New from Indigo Records for April, The Nightporters' latest CD "Feelin' Good," is actually their debut from 1997 (IGOXCD 542) which originally appeared on the 'Wang' label. The UK is quite proud of this four-piece outfit and it's easy to see why; they come across with the same exuberance shown years ago by the Yardbirds and few others. There's nothing smooth about their delivery, it's rough and randy by a young crew with a couple of feet in the blues tradition and a couple more equally planted in rockabilly and early rock 'n' roll soil. Fronted by Ian Roberts (vocals, guitar, harp) they tackle Little Walter's "Mellow Down Easy" and Slim Harpo's "Hip Shake" with equal ease. They also take on Guitar Slim's "Certainly All" and put some Rolling Stone-esque touches on Robert Johnson's "Love In Vain." Martin Vowles' guitar work is granite solid while the rhythm section of Chris Robbins on the bull fiddle and the steady drumming of Kevin Crowe drive things along. It's been a good while since blues caused a ruckus on the British shores, but the cult following has turned larger for the Nightporters who maintain a busy schedule. I don't see any US dates on their itinerary, but if they manage to get over here, check them out. Also available is the band's 1999 Indigo debut titled "Rollercoaster."

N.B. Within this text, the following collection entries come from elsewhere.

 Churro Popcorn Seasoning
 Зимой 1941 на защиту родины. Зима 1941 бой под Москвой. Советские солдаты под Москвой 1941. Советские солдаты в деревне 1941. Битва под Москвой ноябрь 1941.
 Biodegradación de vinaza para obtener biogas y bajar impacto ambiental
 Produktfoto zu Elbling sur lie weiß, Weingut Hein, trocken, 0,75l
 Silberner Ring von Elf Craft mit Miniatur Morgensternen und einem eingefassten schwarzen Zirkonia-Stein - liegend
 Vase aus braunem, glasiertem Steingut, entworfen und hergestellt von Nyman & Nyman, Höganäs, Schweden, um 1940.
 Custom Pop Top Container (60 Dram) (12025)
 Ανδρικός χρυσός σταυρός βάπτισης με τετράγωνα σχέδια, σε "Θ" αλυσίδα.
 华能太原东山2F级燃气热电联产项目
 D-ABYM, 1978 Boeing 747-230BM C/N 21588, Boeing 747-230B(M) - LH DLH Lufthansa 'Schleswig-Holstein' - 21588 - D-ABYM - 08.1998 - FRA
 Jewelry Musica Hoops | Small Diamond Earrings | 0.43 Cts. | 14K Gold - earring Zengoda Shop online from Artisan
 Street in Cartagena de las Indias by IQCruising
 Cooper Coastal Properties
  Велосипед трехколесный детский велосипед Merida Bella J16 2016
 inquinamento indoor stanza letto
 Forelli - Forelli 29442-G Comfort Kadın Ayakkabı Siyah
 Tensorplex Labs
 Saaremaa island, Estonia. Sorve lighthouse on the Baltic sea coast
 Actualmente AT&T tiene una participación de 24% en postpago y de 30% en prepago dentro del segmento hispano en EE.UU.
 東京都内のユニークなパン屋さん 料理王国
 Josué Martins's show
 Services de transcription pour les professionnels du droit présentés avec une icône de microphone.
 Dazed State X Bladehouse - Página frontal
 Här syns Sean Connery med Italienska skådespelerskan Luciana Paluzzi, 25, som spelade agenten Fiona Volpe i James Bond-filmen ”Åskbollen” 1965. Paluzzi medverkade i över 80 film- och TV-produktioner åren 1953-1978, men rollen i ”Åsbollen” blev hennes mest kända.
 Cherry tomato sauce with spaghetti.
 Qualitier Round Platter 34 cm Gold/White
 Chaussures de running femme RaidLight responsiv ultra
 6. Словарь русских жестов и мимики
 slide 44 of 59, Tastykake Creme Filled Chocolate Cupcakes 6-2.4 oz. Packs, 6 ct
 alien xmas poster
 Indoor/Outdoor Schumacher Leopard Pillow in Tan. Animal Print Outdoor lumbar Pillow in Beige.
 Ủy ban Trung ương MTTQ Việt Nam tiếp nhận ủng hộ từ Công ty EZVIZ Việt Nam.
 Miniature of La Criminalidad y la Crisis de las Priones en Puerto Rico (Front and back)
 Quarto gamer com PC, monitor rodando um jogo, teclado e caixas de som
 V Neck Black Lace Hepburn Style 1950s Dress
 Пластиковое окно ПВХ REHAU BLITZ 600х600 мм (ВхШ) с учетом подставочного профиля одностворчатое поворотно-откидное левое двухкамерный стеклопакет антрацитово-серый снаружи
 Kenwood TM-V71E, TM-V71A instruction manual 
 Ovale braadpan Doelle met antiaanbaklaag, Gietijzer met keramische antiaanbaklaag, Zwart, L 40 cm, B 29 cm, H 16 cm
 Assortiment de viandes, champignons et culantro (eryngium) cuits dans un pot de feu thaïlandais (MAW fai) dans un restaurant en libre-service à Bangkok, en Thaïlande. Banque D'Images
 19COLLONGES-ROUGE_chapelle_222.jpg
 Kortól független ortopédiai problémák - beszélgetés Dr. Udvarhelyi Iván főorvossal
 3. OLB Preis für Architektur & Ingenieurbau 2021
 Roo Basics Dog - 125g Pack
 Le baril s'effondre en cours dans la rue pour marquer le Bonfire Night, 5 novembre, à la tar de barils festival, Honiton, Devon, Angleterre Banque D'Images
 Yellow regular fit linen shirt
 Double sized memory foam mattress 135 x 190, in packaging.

"Carnival Day " (IGOCD 2129) is a disc overflowing with hot New Orleans R&B talent, cut at the height of recording activity, the late 1940's, when most of the 24 tracks here were waxed. Like a great show at the Dew Drop Inn years ago; Roy Brown, Professor Longhair, Smiley Lewis, Fats Domino, and others join the party. Brown's smoldering "Long 'bout Midnight" from 1947 is fabulous as is Chubby Newsome on "New Orleans Lover Man," backed by the swinging Dave Bartholomew band. Antoine Domino gets in three tracks and "The Fat Man" is still a favorite today. Smiley's "Tee Nah Nah" from early 1950 is a broiling slow shuffle with Tuts Washington's piano well to the fore, while "Growing Old" has that fine second-line groove. The true feel of New Orleans has always rested in the abilities of Professor Longhair, and his handful of tracks add considerably to an already strong CD. "Bald Head" is still fun more than 50 years after it was cut while "Her Mind Is Gone" is another great look at Roy Byrd's early days. "Hey Now Baby" and "Oh Well" round out the four from a 1949 Crescent City recording date, but the award goes to the stripped-down "Hadacol Bounce" with Walter "Papoose" Nelson's sandpaper-toned guitar well featured. Fittingly, it's Fats Domino's "Hey! La Bas Boogie" closing out the hour-plus trip to the land where crawfish is piled high and Jax is brewed and bottled.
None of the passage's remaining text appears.